Затем он позвал официанта, чтобы заказать новый кофе, и это был кофе, как северная мечта, как кофе, создающий заново мир, мир, полный жадных загадок и вед.

 

*******

Слова давно перестали быть чем-то, просто выходящим изо рта. Люди не носили одежду, но одевались в слова, они носили их на себе, и часто у этих слов не было никакого смысла: это было просто слово с искусственно нарощенной историей, и люди носили это – суррогат, они говорили этим, отдавая свои слова, и ели чужие – названия продуктов и жидкостей, вкалывали фразы, могли запустить внутривенно, засунуть в рот – или новая услуга «беру с собой», когда слова клали в специальные мешочки, или разливали по бутылкам, или налепленных таблеток давали пачку, и это были не простые мешочки, но ответы на вопросы: почему вы такой бессмысленный, например, хотите ответ – выпейте вот эту фразу, или лучше цитату возьмите – в качестве витамина…

Личные словарики радостей и обид, и это то, что они придумывали в течение жизни, и дальше гордились этим как многотомным трудом, говорили, что это моё мнение, и никто не замечал примыкающего эффекта щекотки, как у этих фраз начинали прорезываться перья, и постепенно они, став типично крылатыми, летали повсюду, не имея никакого веса.

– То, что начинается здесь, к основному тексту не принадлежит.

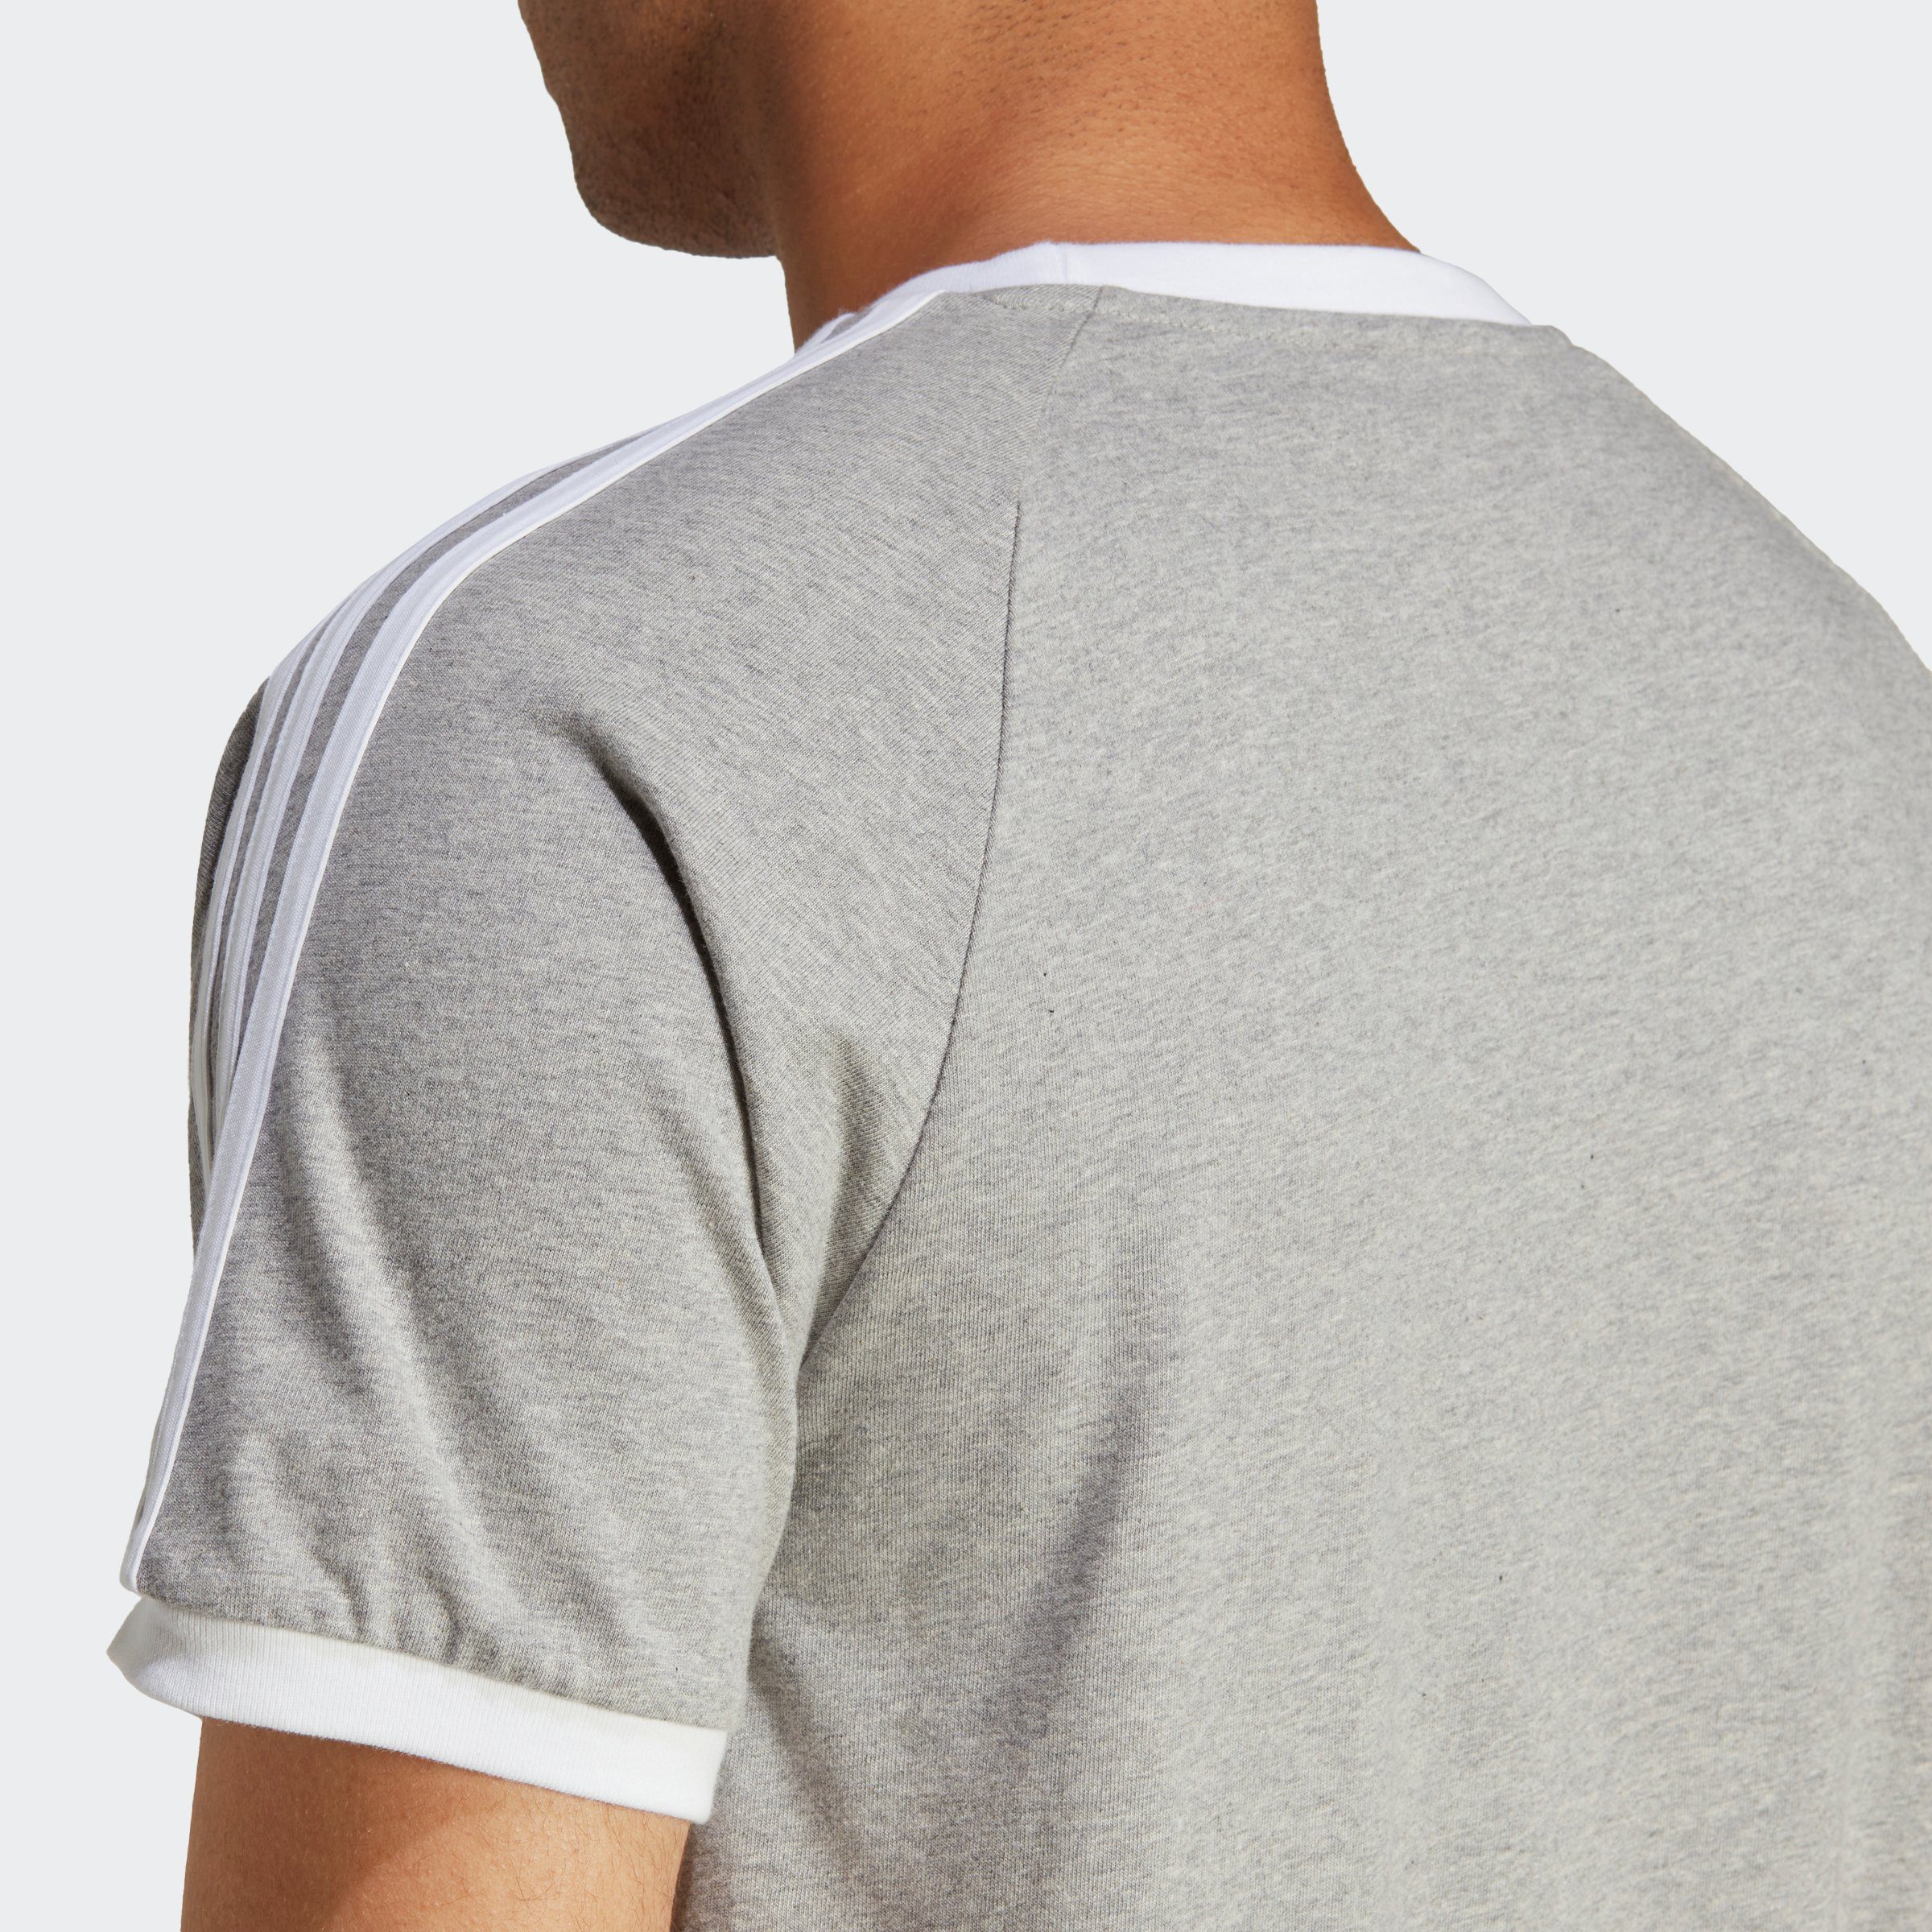 adidas Originals T-Shirt 3-STRIPES TEE Grey Heather Medium

Появились такие люди, которые страшно зудели, и виной всему – чешуя, виной всему эти кавычки, которые их покрывали, и они стояли там, все такие переносные, в жутких кавычках, и постоянно чесались, как из-за этой чешуи, и знают ли рыбы, что они образны? Люди зудели и потирались о всякие стены, тёрлись о здания, носили себя с места на место и в неком дополнительном смысле, мол, вынести себя не могли. Шершавые, сначала плакались, а потом вдруг стали нападать на людей, хватали их в кавычки, и трудно было отбиться самому.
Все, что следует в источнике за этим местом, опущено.